Она вздохнула. Ганка ни с того ни сего подумала, что их матуся когда-то была красавица.
– Ты, Ганка, поостереглась бы. Все мы живем рядом с лесом, так что ты мне голову не задуришь… с лесными жителями хорошо играть. Но кровь у них дурная. И они бегают за нашими девками потому, что своих у них нет.
– Мамо…
– А потом что будешь делать? Совьешь гнездышко из травы и сунешь туда эльфенка? Федора померла, Ганка, кому еще подкинешь?
Ганка таращилась на мать, а та все сплетала и расплетала пальцы.
– Я, мамо, в лес не для того бегала, – сказала она наконец, – мне сон приснился. Приснилось, Роман в кучу упал. Я и побежала. Сказать ему, чтобы поостерегся.
Мать выпрямилась, напряженно вытянула высокую сухую шею.
– Да ты чего?
Ганка теперь и сама верила, что сон приснился ей, а не эльфенку.
– А он сказал, беги отсюда, коза, – Ганка всхлипнула и почесала нос о плечо.
– Как сглазили тебя, – шепотом сказала мать. – Неуж не знаешь: нельзя такого жигалям говорить. И если боишься – нельзя. И если снится – нельзя. У жигаля с удачей свой договор, нельзя его под руку толкать. Роман, ох, Роман!
– Я ж люблю Романа, мамо, – Ганка склонила беспутную голову, – я ж хотела как лучше…

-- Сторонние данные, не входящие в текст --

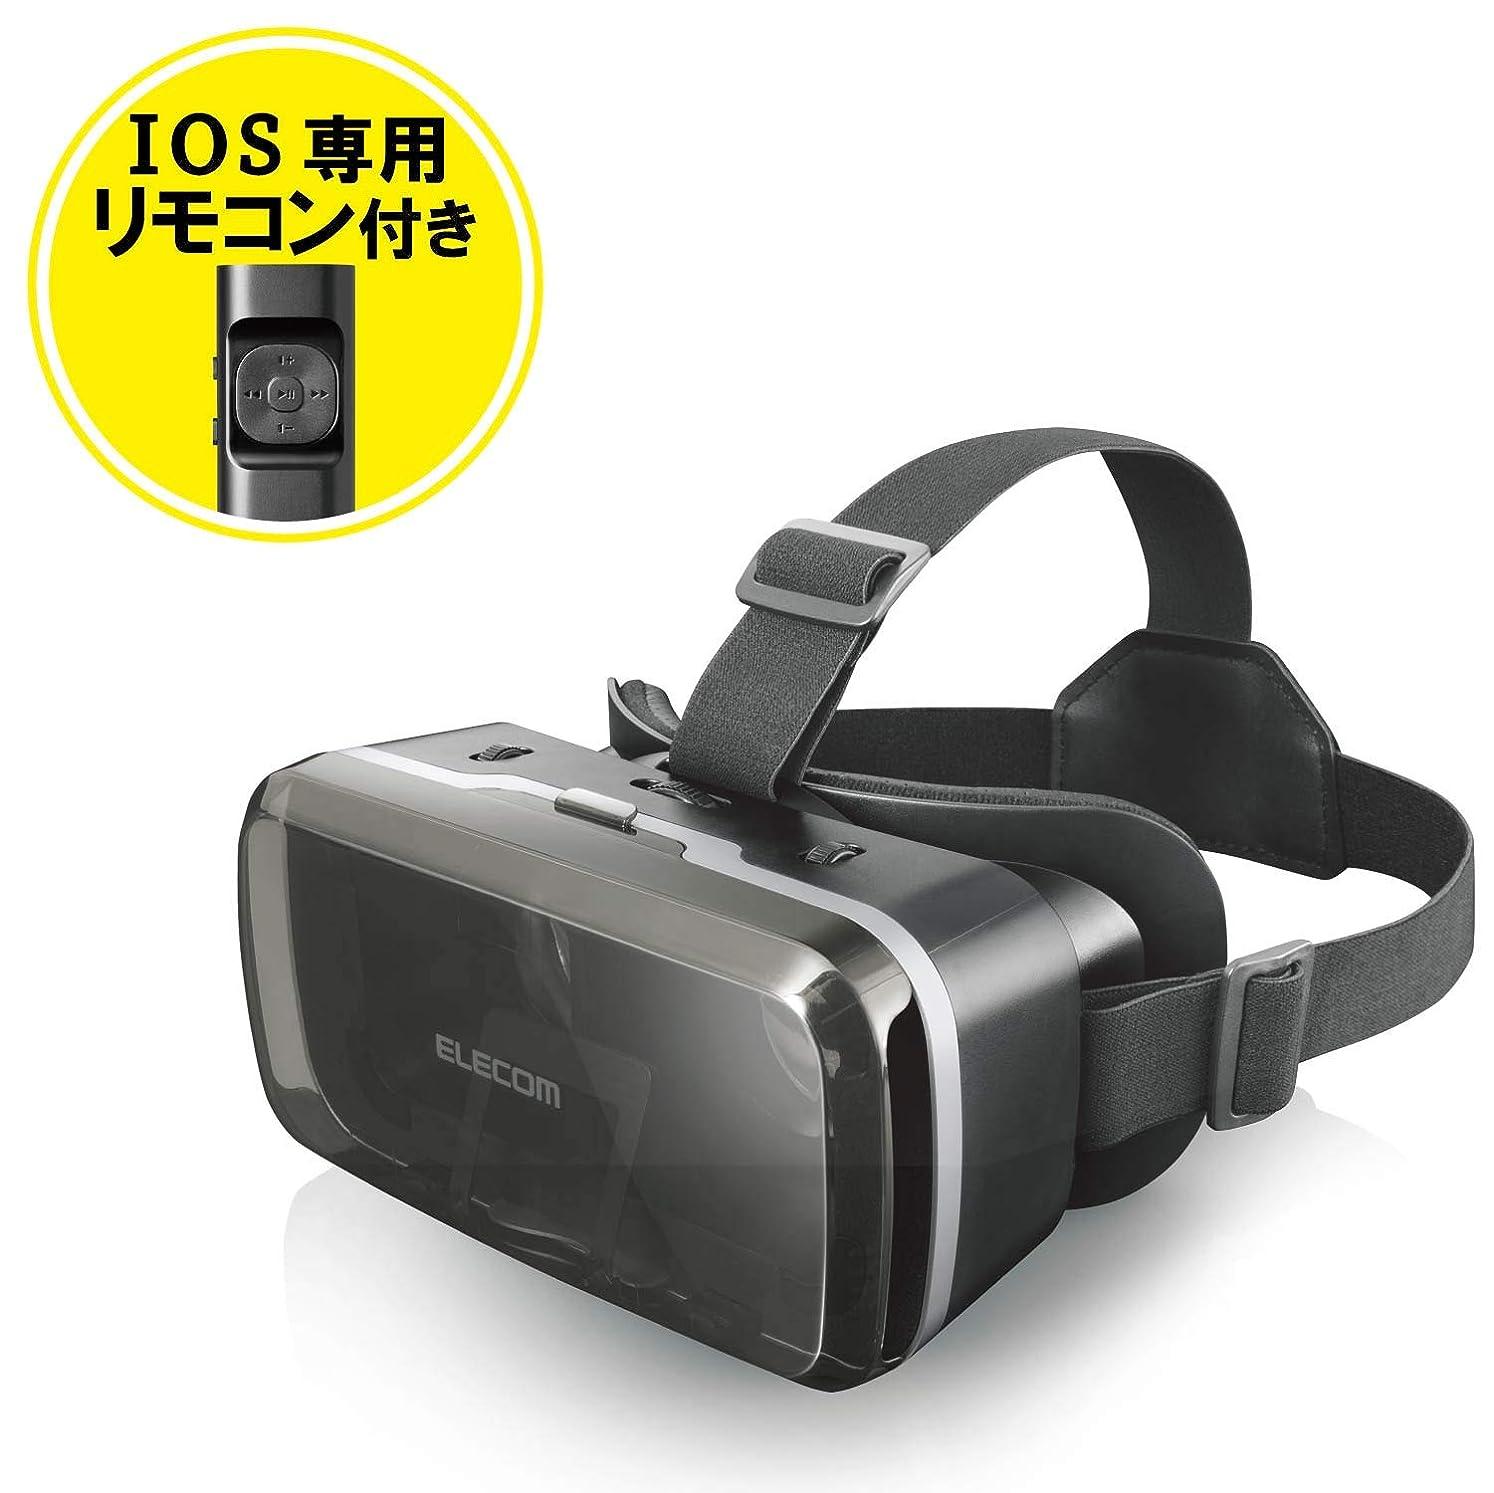 テキストご意見西部エレコム VRゴーグル VRグラス 目幅?ピント調節可能 VRコントローラー付き Bluetooth DMM動画専用(iOs) メガネ対応 ブラック VRG-M01RBK

– Как лучше она хотела, – мать встала и, морщась и растирая поясницу, наклонилась, чтобы подхватить подойник, – это все лесные чары… они-то глаза и отводят… таким дурехам, как ты.
– Мамо, а правда, что у них своих девок нет? – не удержалась Ганка.
– Нет или есть, а только никто их не видел, – сказала мать и пожала плечами, – никогда. Этих видят, ну, нечасто, бывает… А девок их – нет, ни разу. Может, прячутся они…
– А… вилии? Может, они, ну, с вилиями…
– Может, и с вилиями, – легко согласилась мать. Она стояла, выпрямившись, прислушиваясь к чему-то, а потом вдруг разжала руку, и подойник грохнулся на землю. Белое густое молоко выплеснулось через край и потекло лужицей.
Теперь и Ганке стало видно, как из-за пригорка показались двое, идущих друг за другом тяжело, осторожно, как бы зажатых двумя длинными жердинами, и между двумя этими жердинами было серое одеяло с красной каймой, и там, в одеяле, точно в люльке, невидимый, покачивался третий.
Мать, прижимая руку к груди, побежала навстречу, черная коса вывалилась из-под платка и прыгала по спине… Ганка побежала за ней, хотя больше всего на свете ей сейчас хотелось стать очень маленькой и куда-нибудь спрятаться, хотя бы вот под поленницу.
– Роман? – спросила мать тихо и безнадежно.
Батя сплюнул черным, должно, в горло ему набилась сажа.
И лицо у него было черное, а глаза красные.
– Провалился в кабан, – сказал он хрипло.
– Хоть есть что домой нести, – у матери искривились губы, словно она улыбалась…
– Живой он, мать, – сказал Митро. Он выглядывал из-за плеча отца, тоже чумазый, страшный, но сверкнул белыми зубами, впрочем, незаконная эта улыбка мигом погасла, точно зарница в ночи над дальними горами, – успел выскочить. И мы успели. Живой. Только обгорел сильно. Ну, до свадьбы заживет…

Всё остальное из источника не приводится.